Adolescents' health not keeping pace


Although the health of the world's infants and children has improved significantly in the past 50 years, that same success has not been achieved for adolescents and young adults, say reports out today.

According to a UNICEF report, 1.4 million adolescents (ages 10-19) die each year from traffic injuries, complications of childbirth, suicide, violence, AIDS and other health-related causes.

A synthesis of international data for the medical journal The Lancet finds injuries are the leading cause of death (40%) among 1.8 billion young people ages 10-24. That compares with 10% from injuries for the general population, researchers say.

"We've done a terrific job in both developing countries and the U.S. at reducing infant and under-age-5 mortality and improving all kinds of things like prematurity, safe deliveries and immunizations, but we haven't seen those same declines with older teens and young adults," says adolescent medicine specialist John Santelli of Columbia University in New York.

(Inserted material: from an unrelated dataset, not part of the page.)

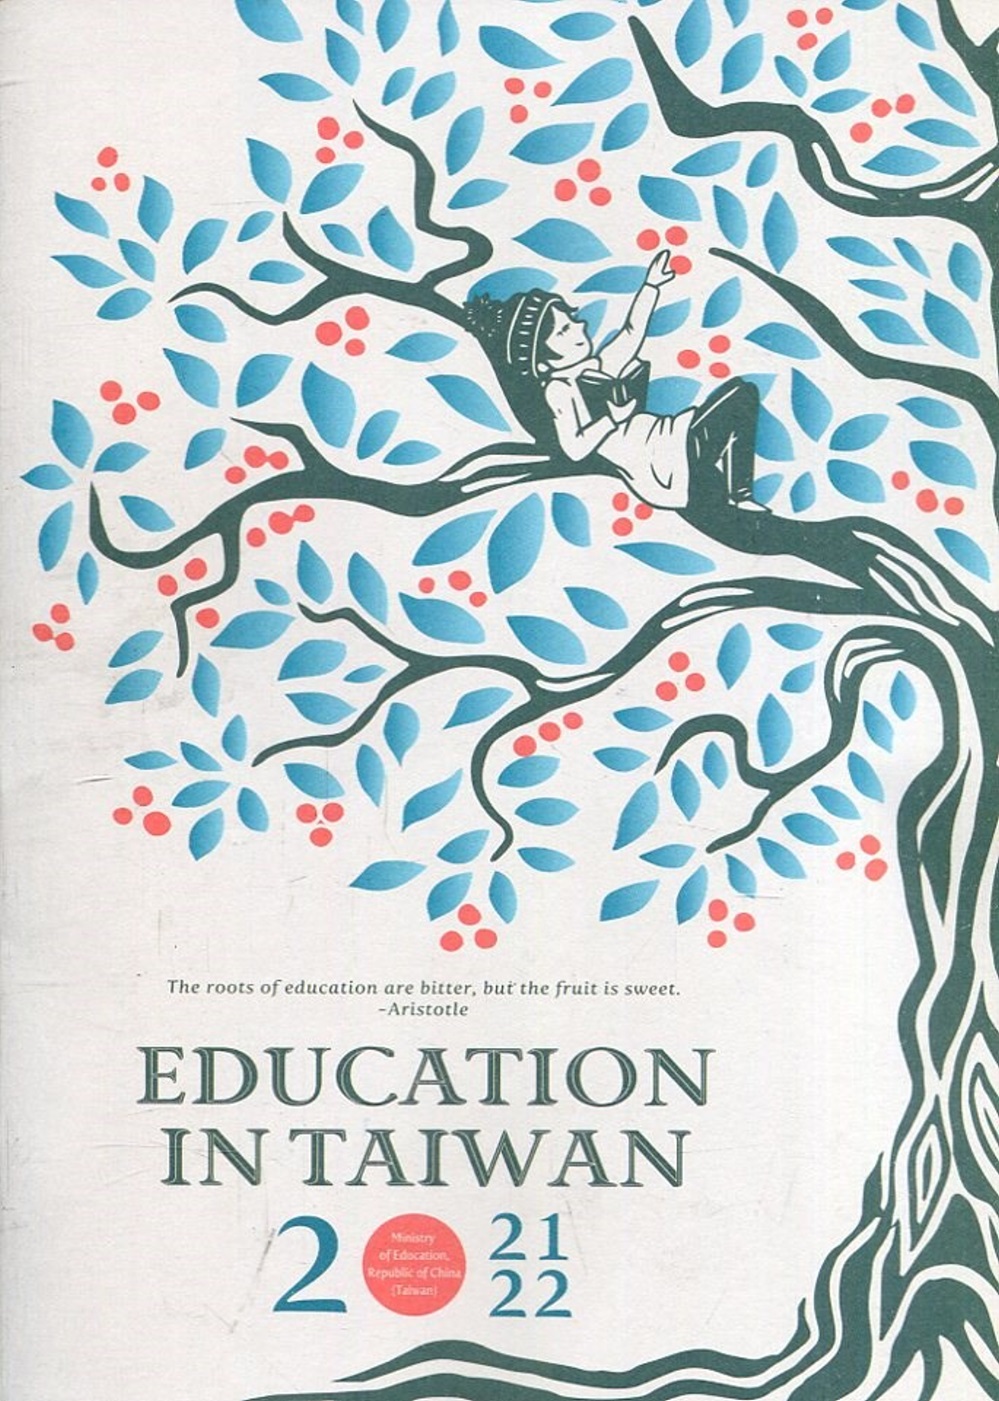 Education in Taiwan 2021-2022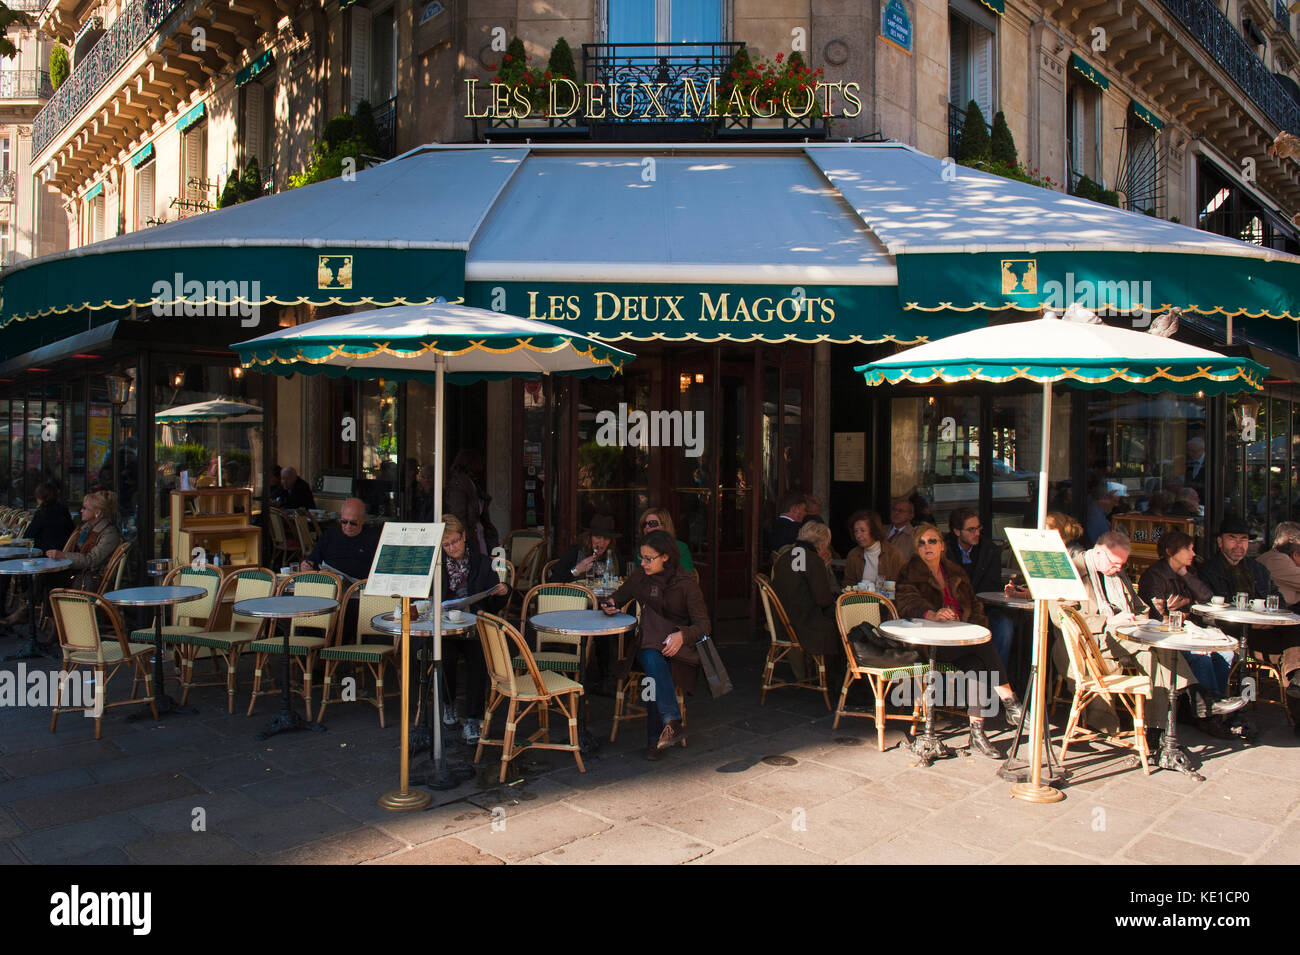 Café Les Deux Magots, Saint Germain des Pres, Paris, Frankreich Café Les Deux Magots, Saint Germain des Pres, Paris, Frankreich Stockfoto

The reason: "Young adults and older teens die from very different conditions" than children. "We haven't done enough thinking about the health behaviors that emerge during adolescence," says Santelli.

There has been "a long history of not recognizing adolescence as a specific population in need of targeted intervention in a number of areas, including health," says UNICEF's Judith Diers. "In many countries, you move very quickly from childhood into adulthood. There isn't even a period that's understood as adolescence."

UNICEF says 1.2 billion adolescents account for nearly one-fifth of the world's population. Mortality rates increase with age, jumping from 95 deaths per 100,000 for ages 10-14 to 139 for ages 15-19, to 224 for 20-24.

But mortality rates alone don't tell the full story of adolescence "as a time of transitions, when young people without opportunities can drop off the track and never fully recover," Diers says. More evidence:

An estimated 2.2 million are living with HIV, 60% of them girls. Most do not know.

11% of births, about 16 million, are to girls ages 15-19.

20% of adolescents a year experience mental health problems; most common are major depression or other mood disturbances.